At the end of the esplanade fountain, the silver-finished Tenor and Contralto bronzes—depicting muscled male and female nudes—spring from the pylons on either side. Lawrence Tenney Stevens created the bronzes for the Centennial, but they were removed not long after the exposition. Friends of Fair Park commissioned David Newton to re-create the dynamic duo based on photographs of the originals; they were installed in 2009.

From the fountain’s end, it’s a short walk across the street to reach the forementioned architectural prize—the Hall of State. The product of a consortium of prominent architects who Brown says couldn’t agree on anything, the Hall of State was brought together in the end by architect Donald Barthelme. Brown points out that while Barthelme didn’t get credit for the building at the time, he nearly managed to spell out his last name on its frieze—if you follow the first letter of the Texas heroes’ names across it (Burleson, Archer, Rusk, Travis, and on). Also notable on the building’s exterior is the larger-than-life Tejas Warrior, a statuesque bronze covered in gold leaf by Allie Tennant.

Inside, the Hall of State displays a visual feast in celebration of Texas. Straight ahead is a massive gold seal with the Texas star; on either side of the Great Hall, with its 46-foot-tall ceilings, Eugene Savage’s murals detail Texas history.
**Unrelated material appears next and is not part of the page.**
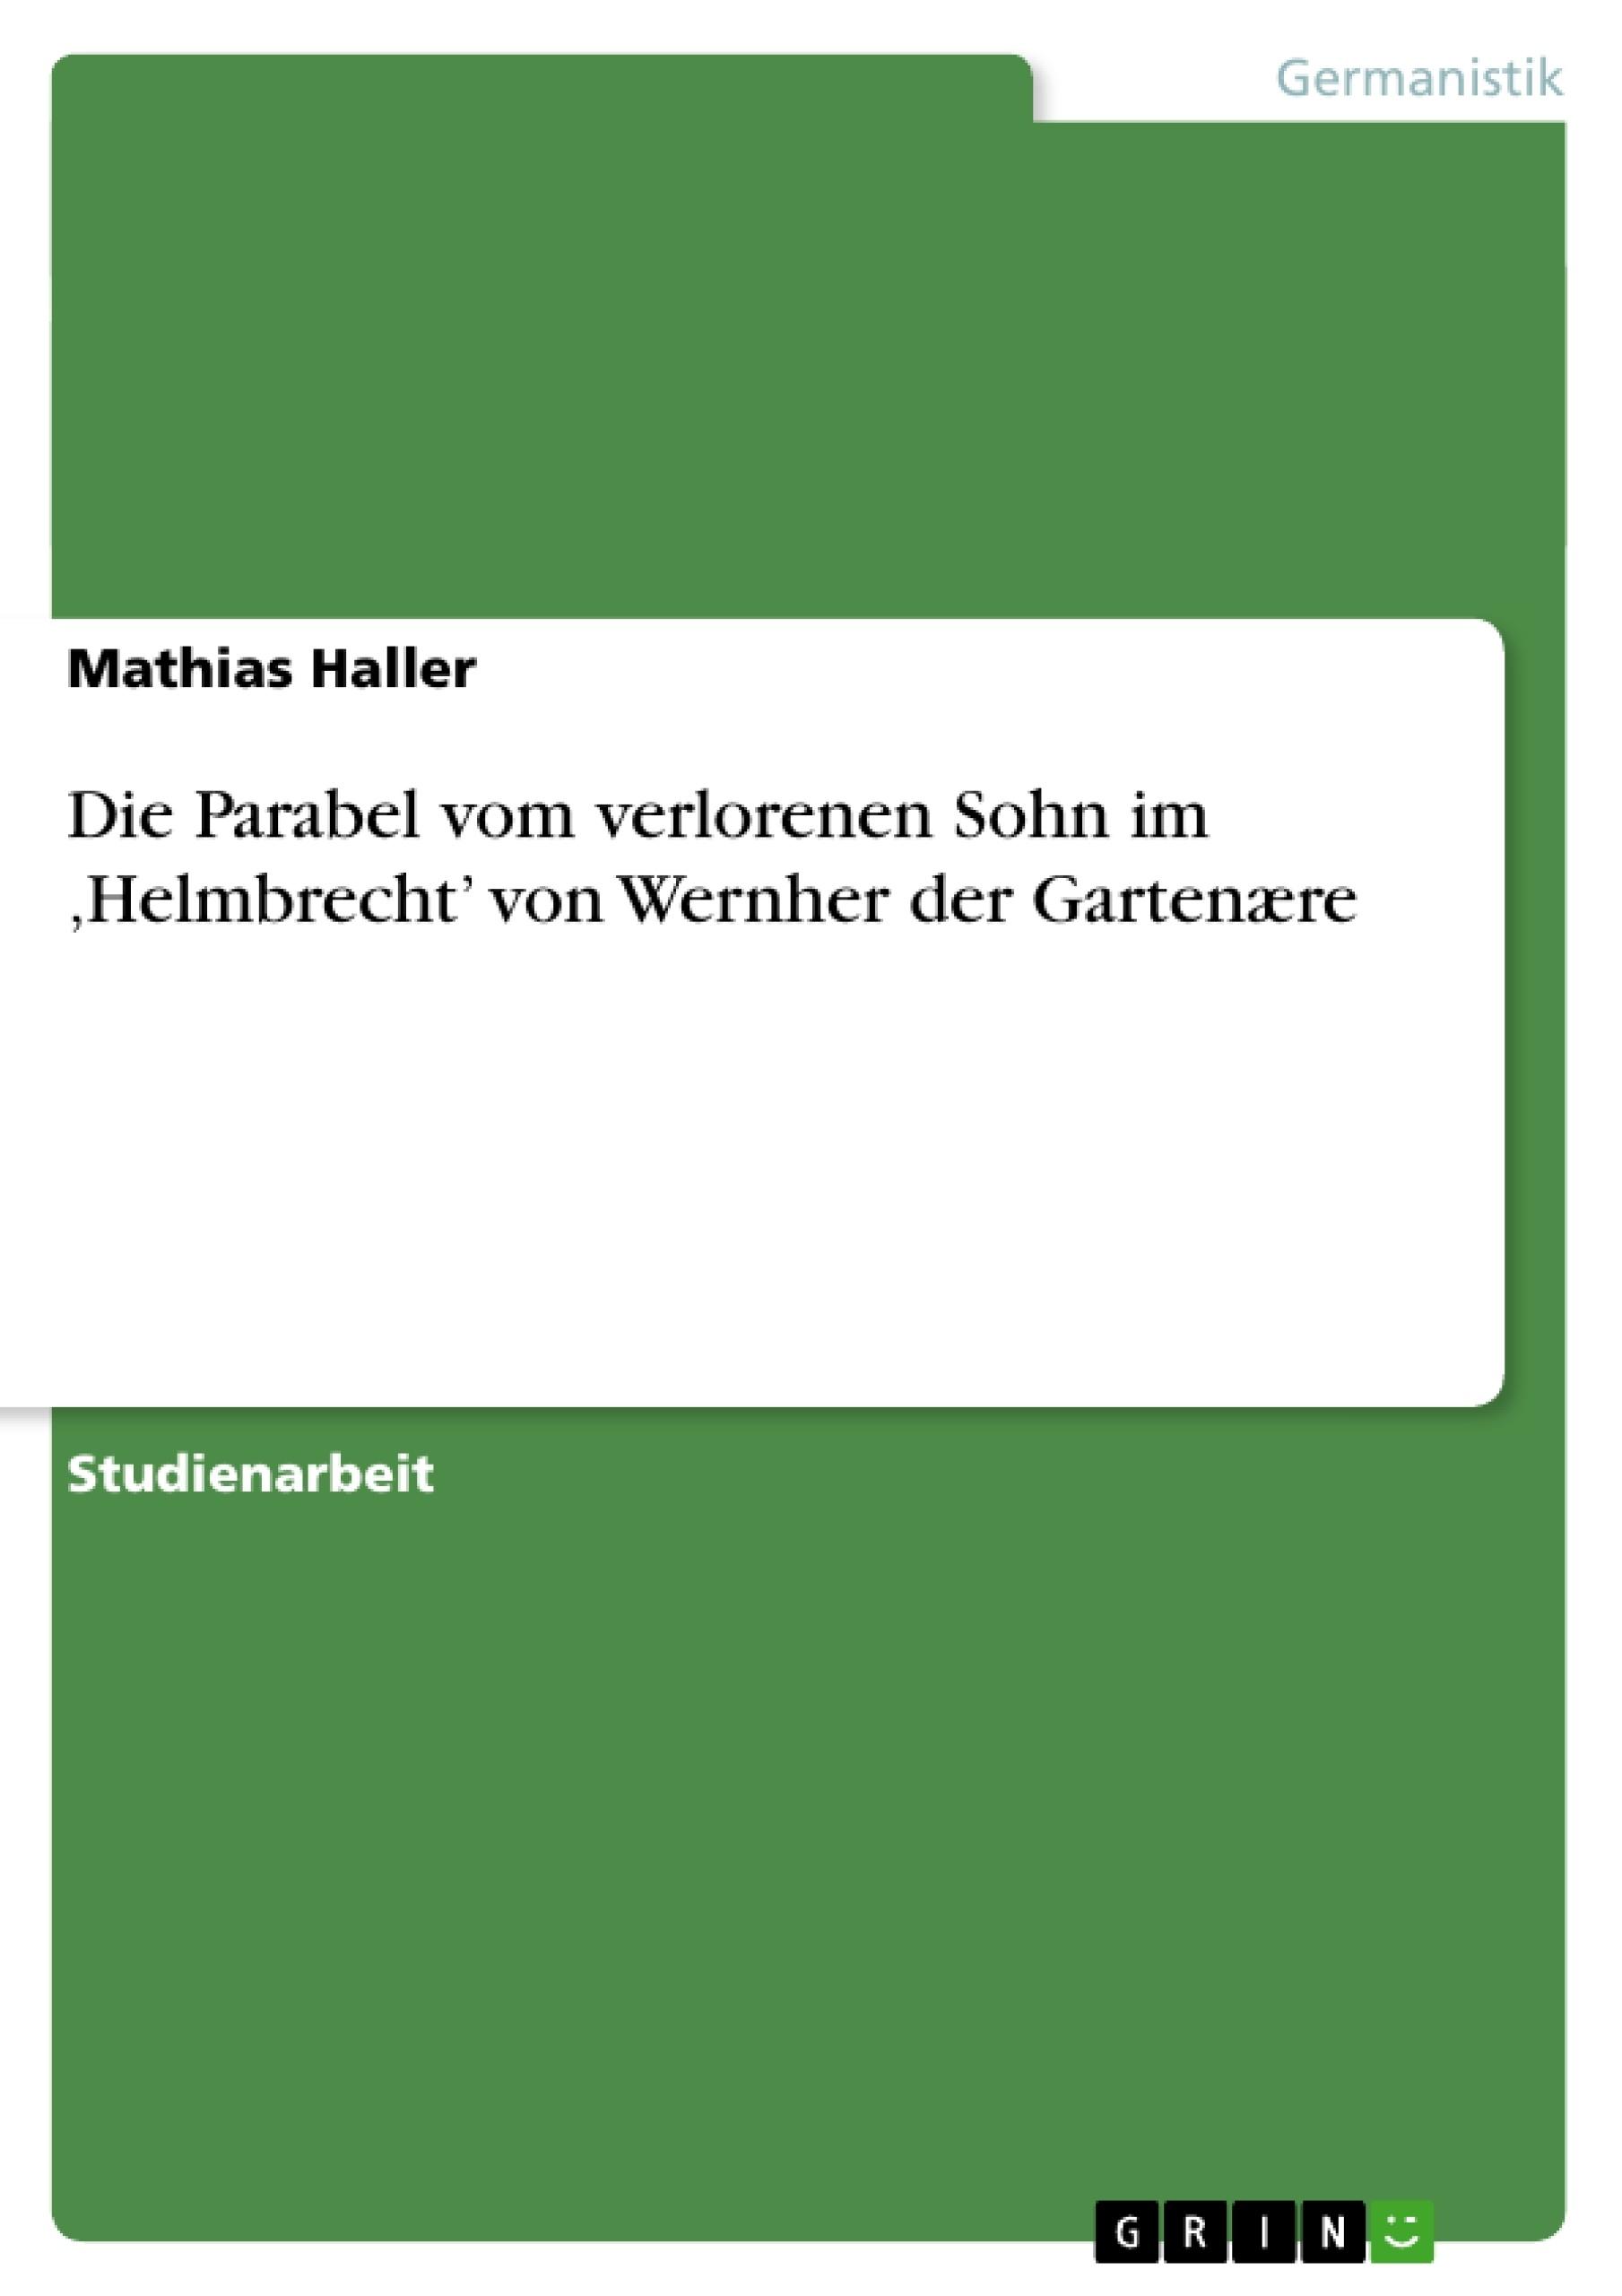 Titel: Die Parabel vom verlorenen Sohn  im 'Helmbrecht' von Wernher der Gartenære
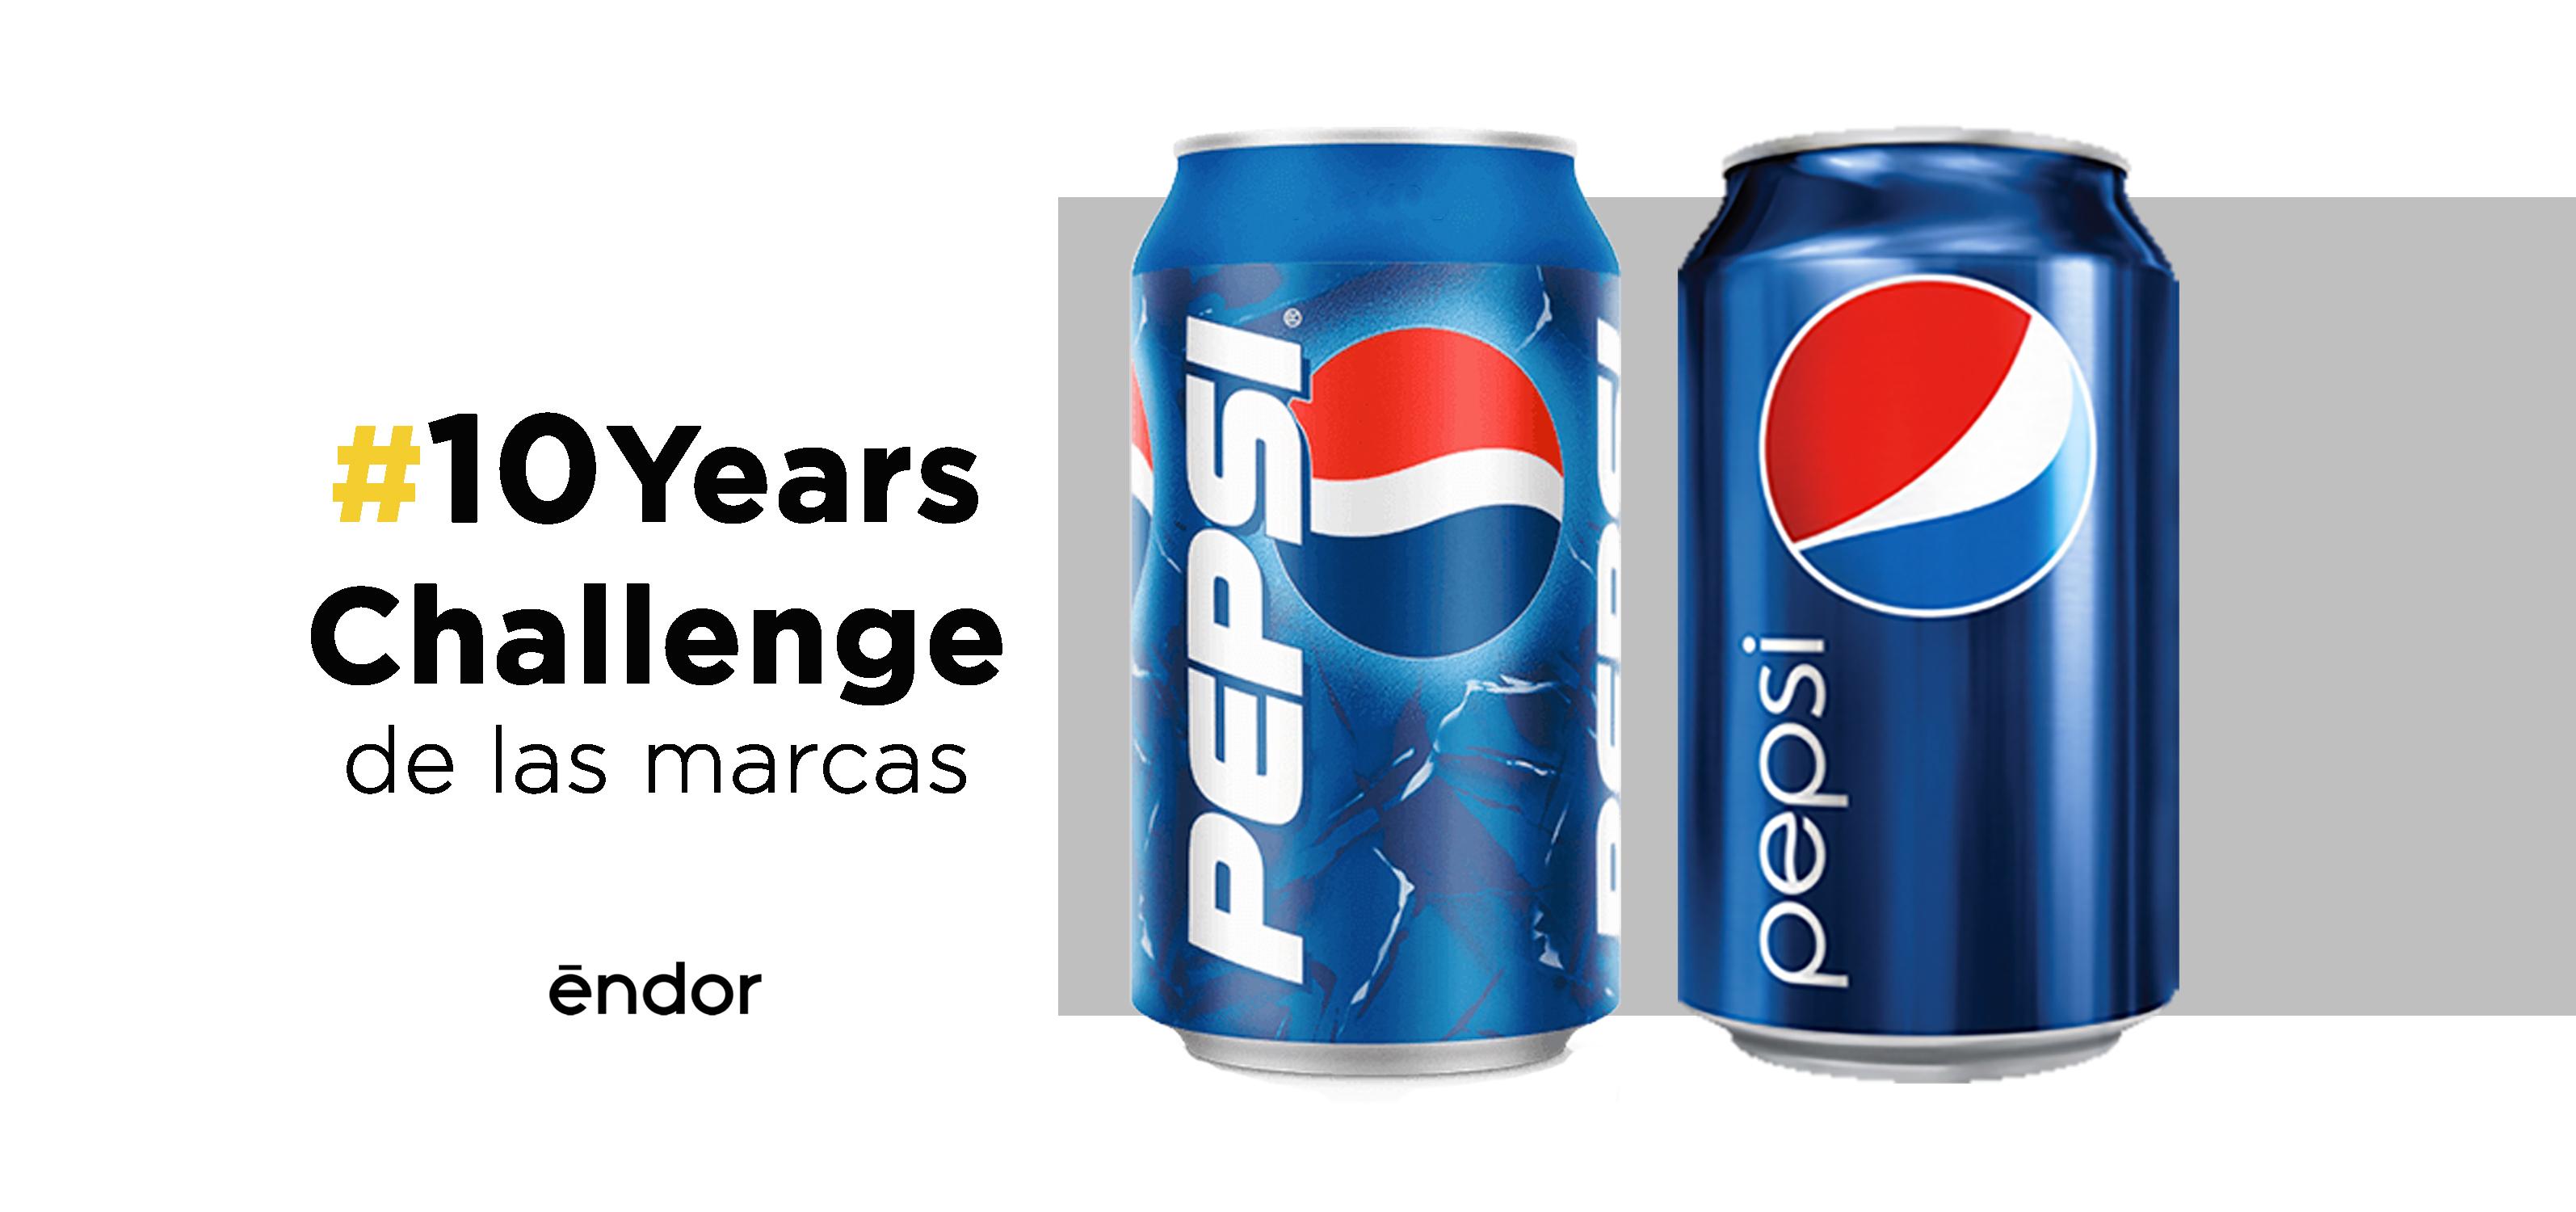 #10 YearsChallenge de las marcas

The works are so large, says Brown, that Barthelme created columns along the sides of the room to frame the mural scenes—from the arrival of the Europeans in the 1500s through 1936—into more manageable bites.

When it’s time for lighter fare, a short walk southeast leads to Fair Park’s scenic Leonhardt Lagoon. During the Centennial, visitors test-drove Ford’s latest models around the lagoon. Today it has a pair of giant sculptures, a tangle of wide, flat tentacles—Patricia Johanson’s 1986 Sagittaria platyphylla (Delta Duck-Potato) and Pteris multifida (Texas Fern)—that curve around and into the water; they serve as snaking paths. On weekends, the park rents swan-shaped paddle boats on the lagoon. Nearby, more Art Deco buildings house year-round attractions, including the Children’s Aquarium at Fair Park, with piranhas and small sharks whose feeding time proves entertaining, and the Texas Discovery Gardens.

It’s hard to believe that Fair Park could feel empty when it brings in roughly 5 million visitors annually, but the sprawling campus does feel a bit like a ghost town at times. Yet in addition to the State Fair and about a dozen annual festivals, fans regularly pour into the Cotton Bowl for football and soccer, into Gexa Energy Pavilion for rock and country concerts, and into the Music Hall for Dallas Summer Musicals and other shows (heads up: Leon Bridges plays September 18).

While it might be difficult to fully appreciate the details of Fair Park during the bustling State Fair, it’s worth making a visit specifically to tour the park or planning an early arrival to stroll the esplanade before a concert or game. Drink in the curved lines and the symbolic detail found at every turn. “It will sound like boasting,” says Holcomb, “but I’ve given tours to Russian museum directors, to people from all over the world, and they are completely amazed.”